- Try it -
Reproduce every record below exactly, without the pictures.

Stored data entries:
○ ○ ○ ○

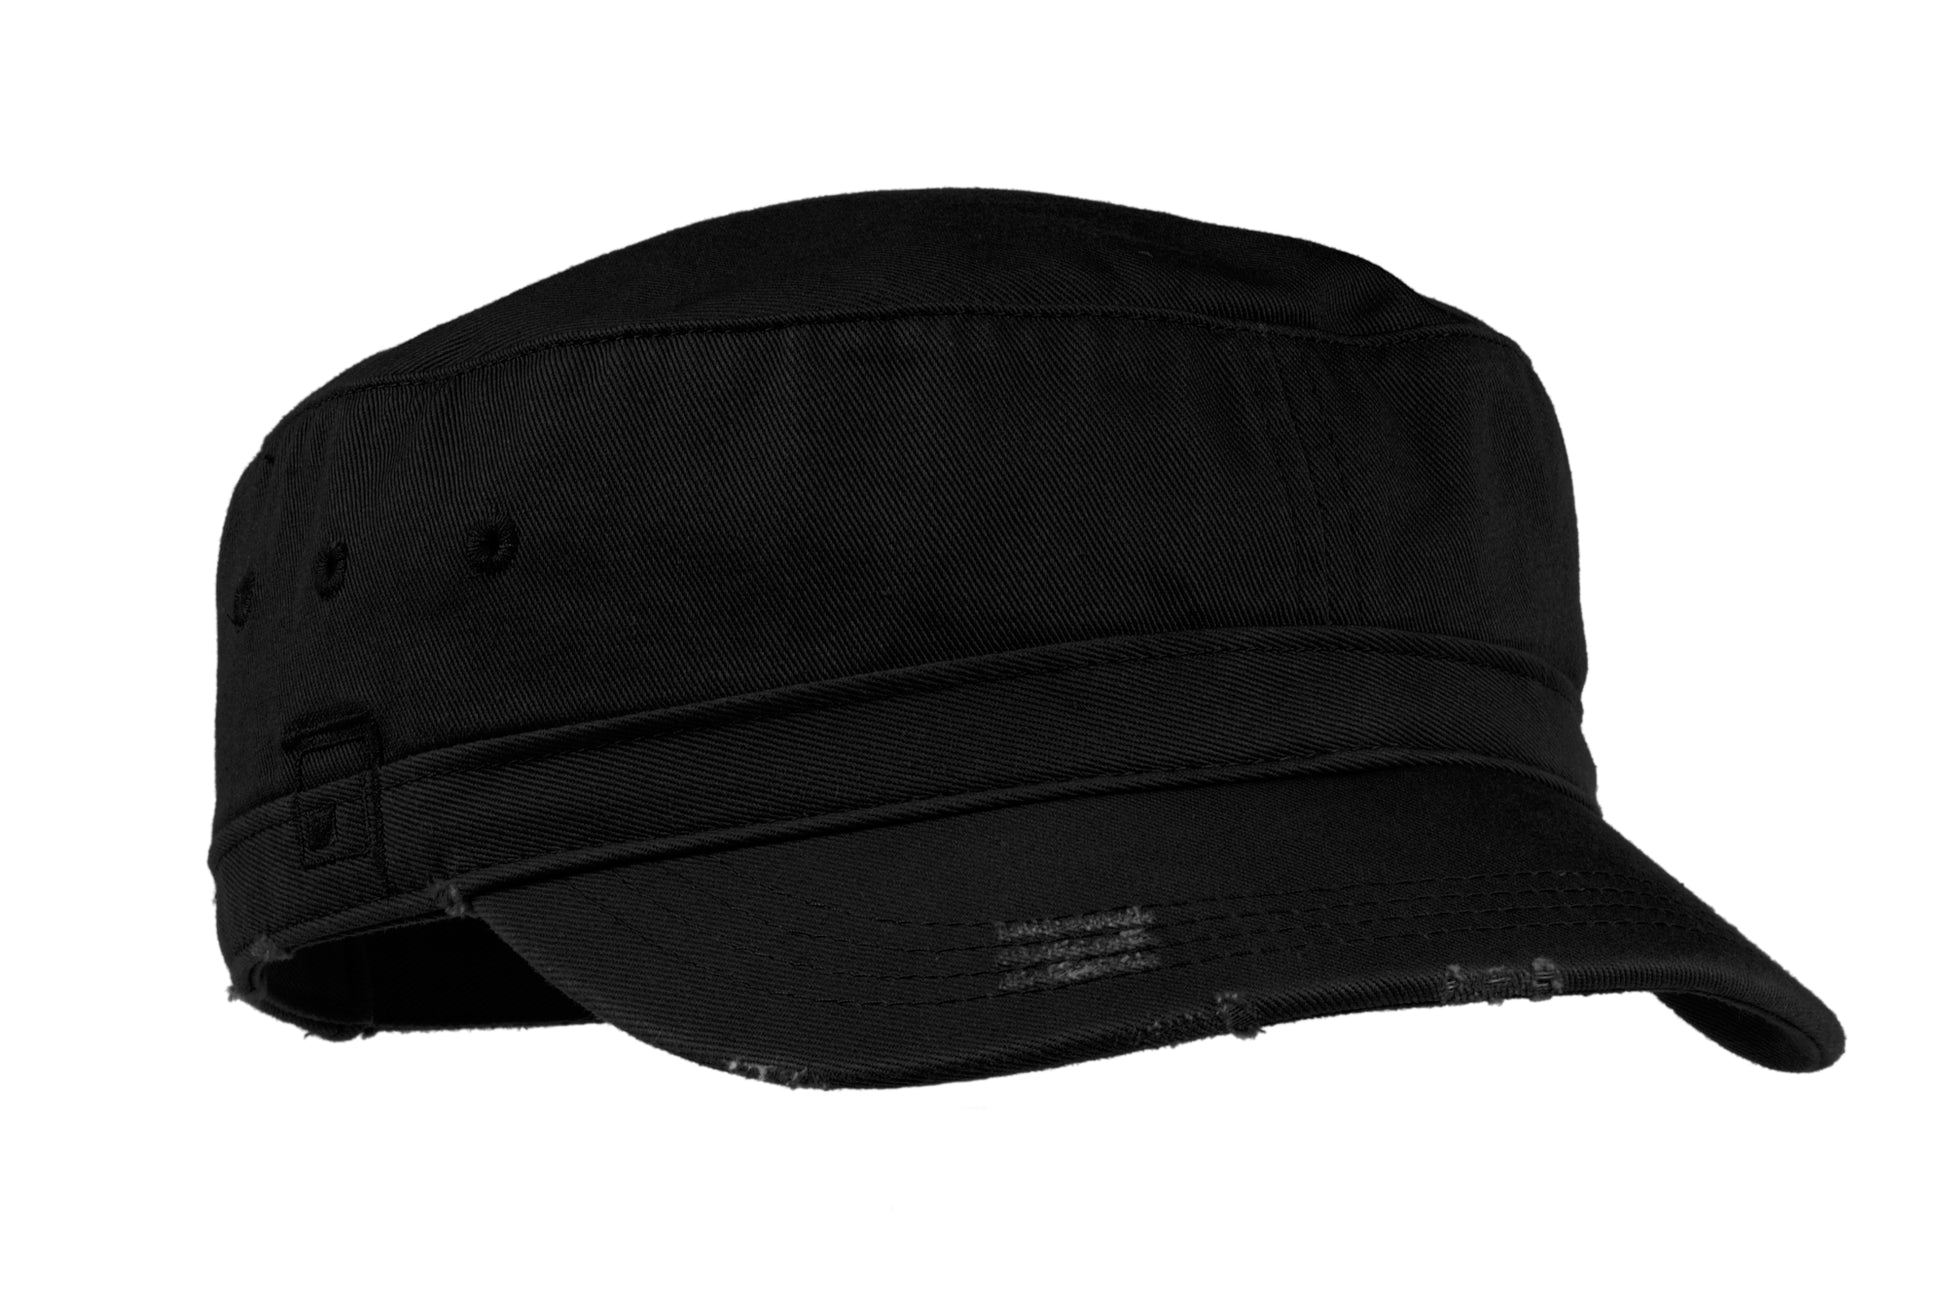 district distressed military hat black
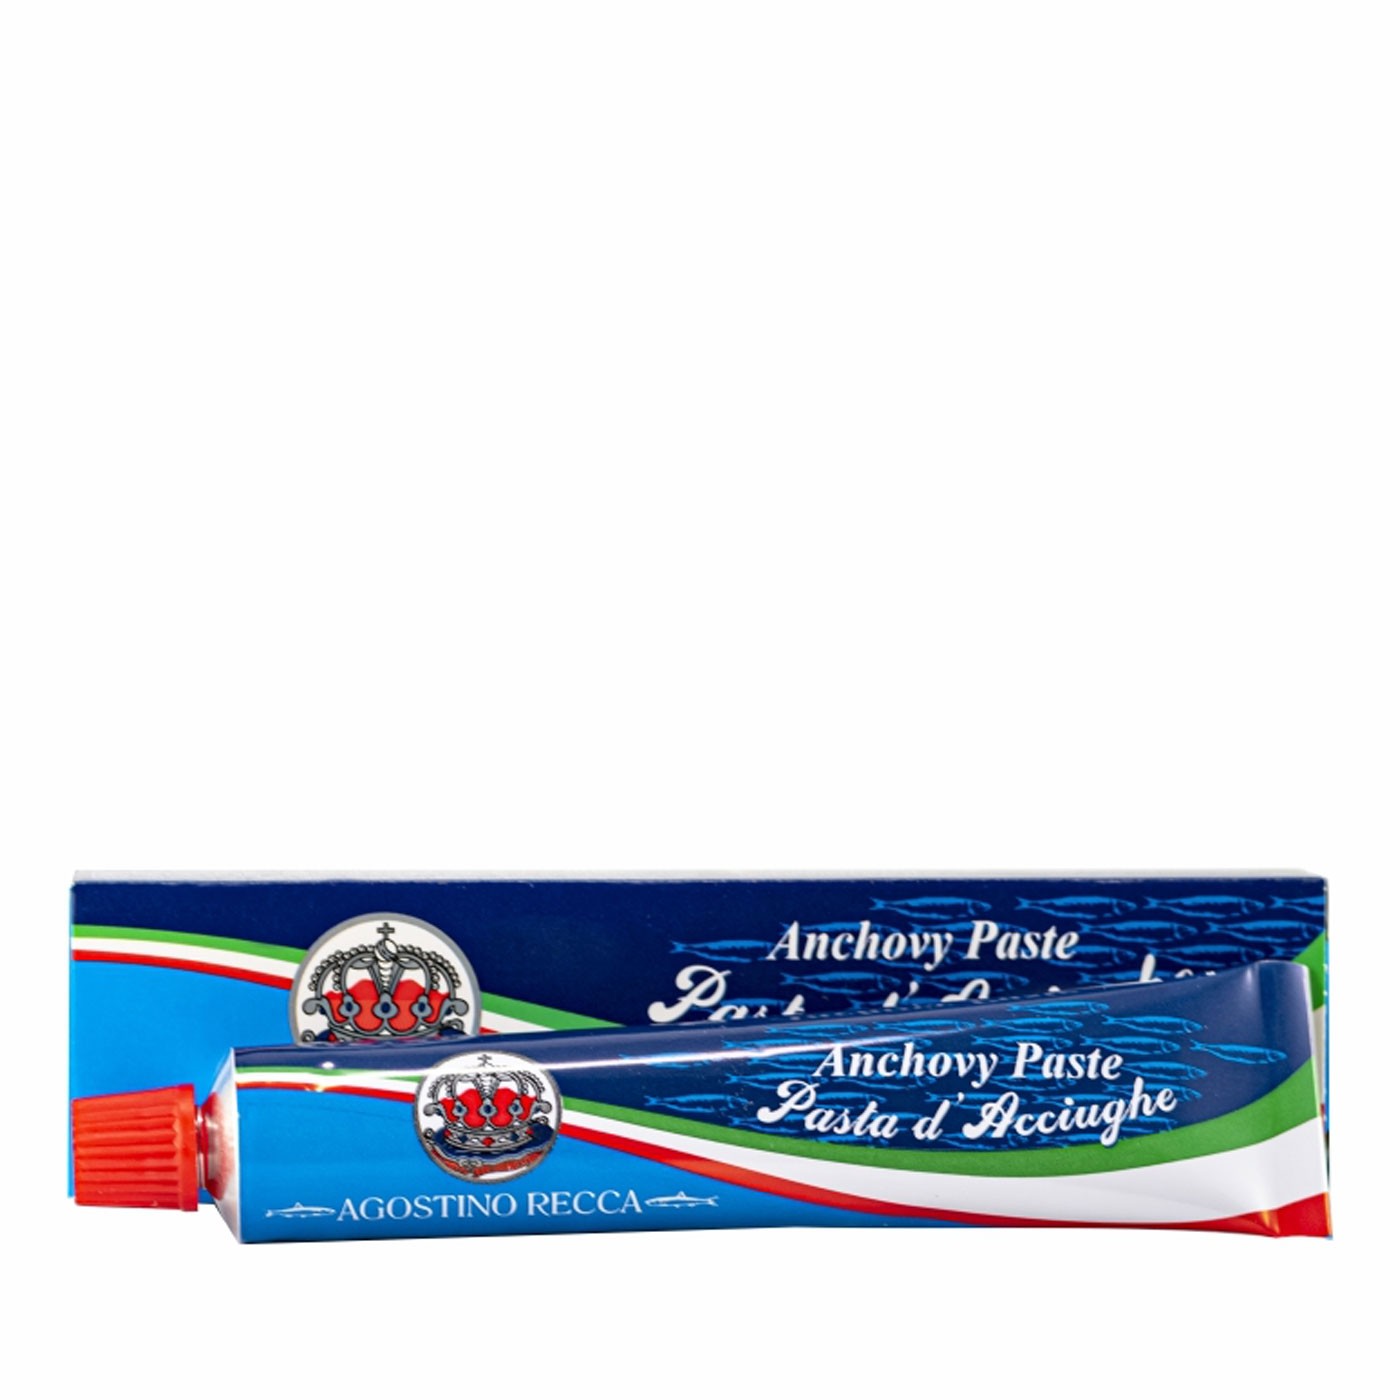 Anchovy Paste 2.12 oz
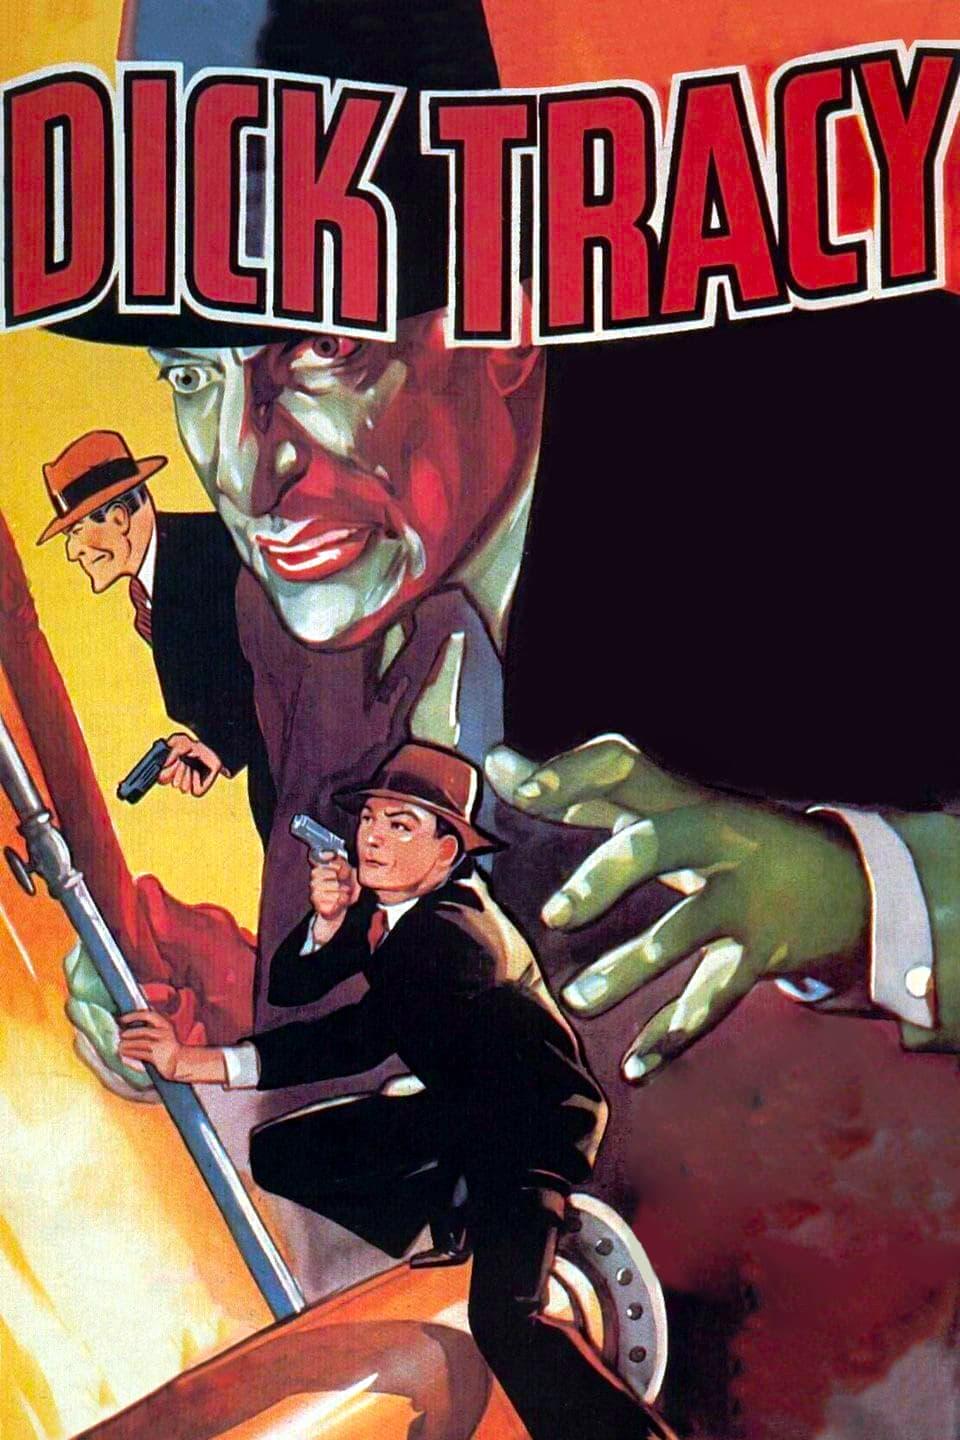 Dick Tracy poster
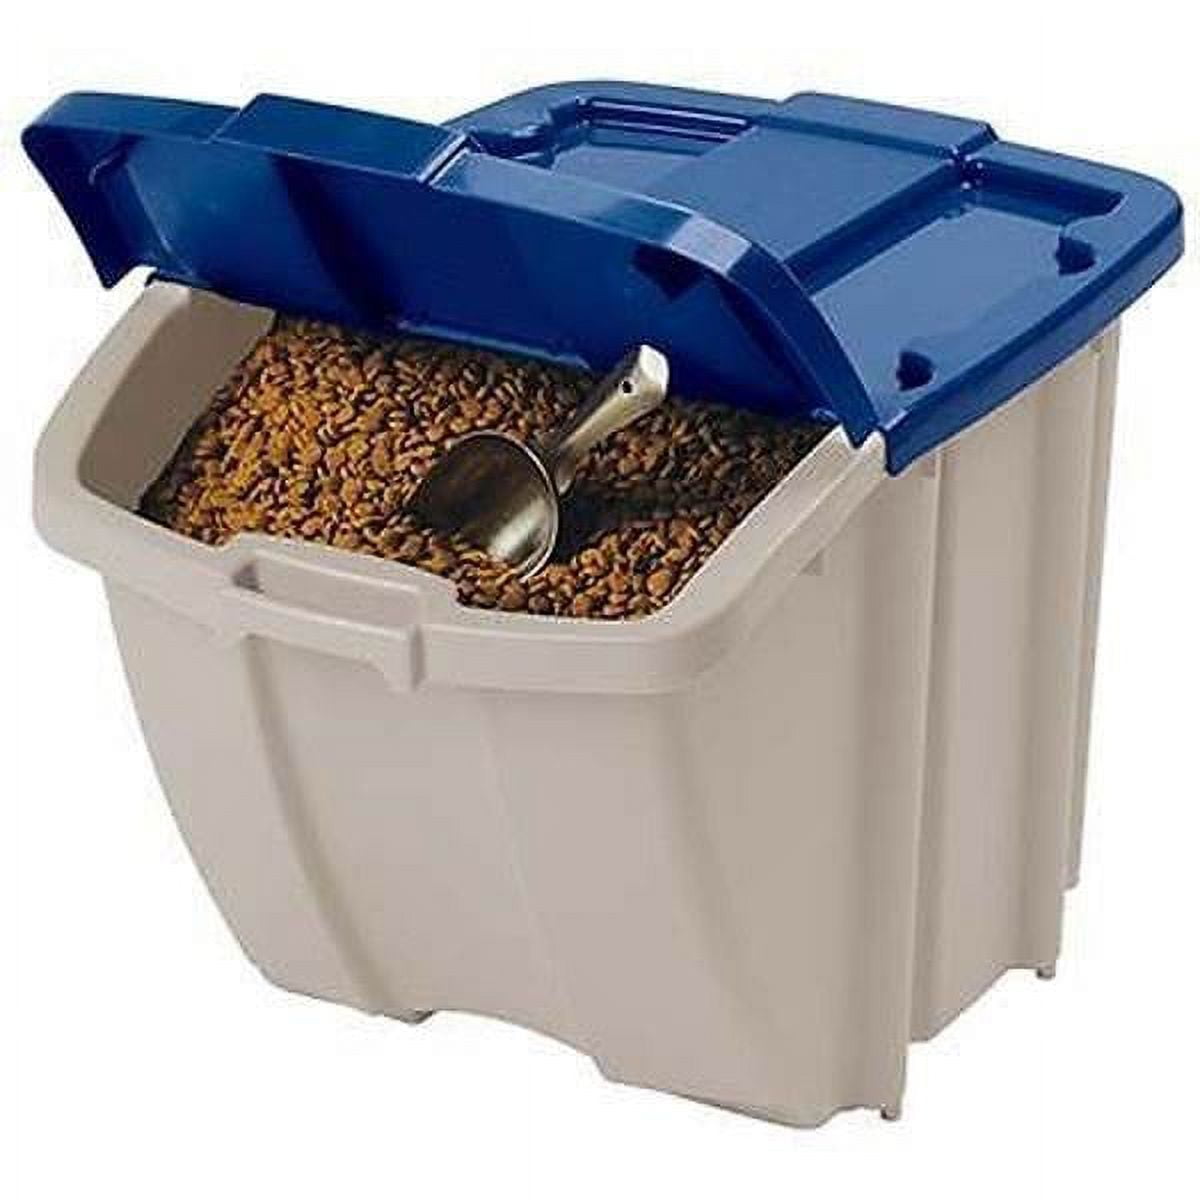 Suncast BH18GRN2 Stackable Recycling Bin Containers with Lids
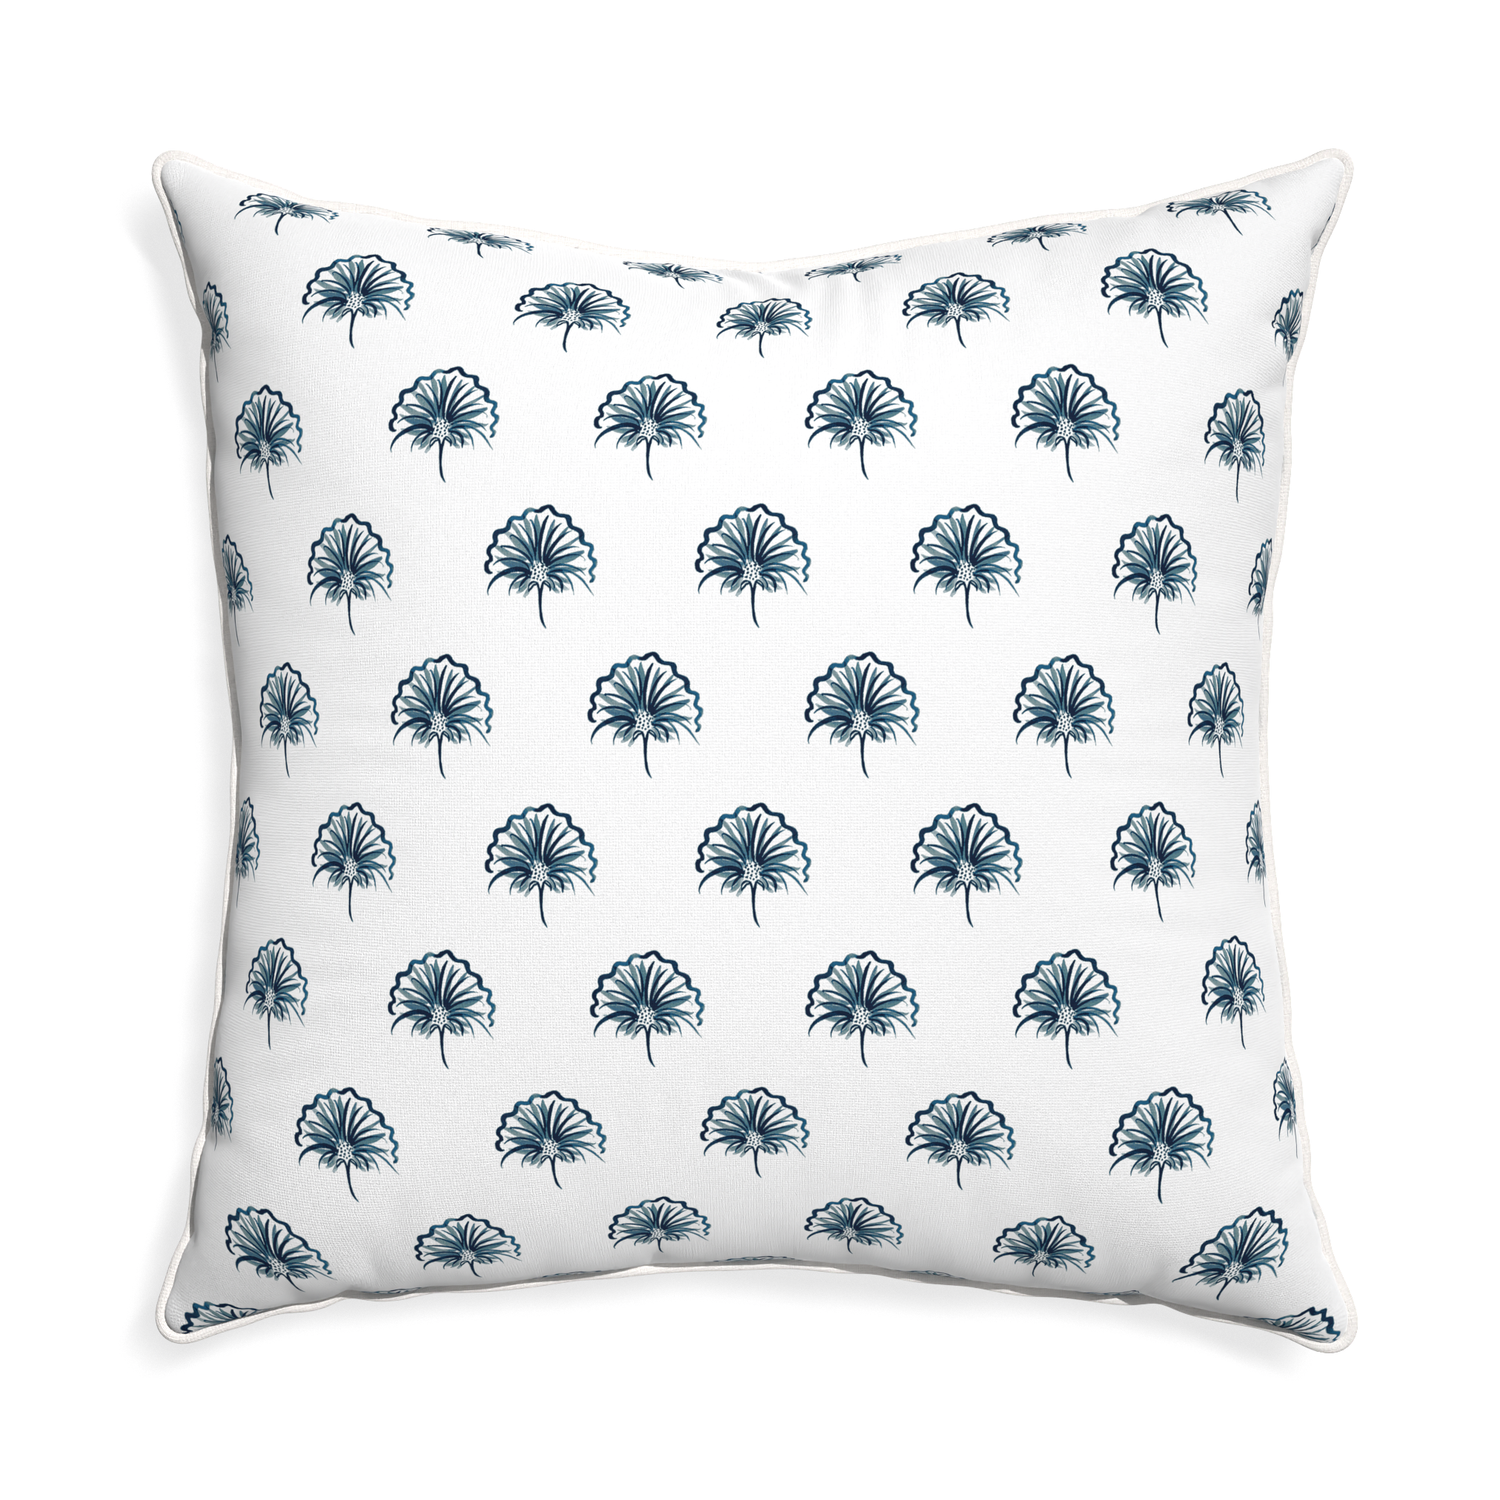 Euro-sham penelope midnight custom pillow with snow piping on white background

○ ○ ○ ○

- Your response -
 district distressed military hat black
 Anchovy Paste 2.12 oz
 Dick Tracy poster
 Suncast BH18GRN2 Stackable Recycling Bin Containers with Lids
 Euro-sham penelope midnight custom pillow with snow piping on white background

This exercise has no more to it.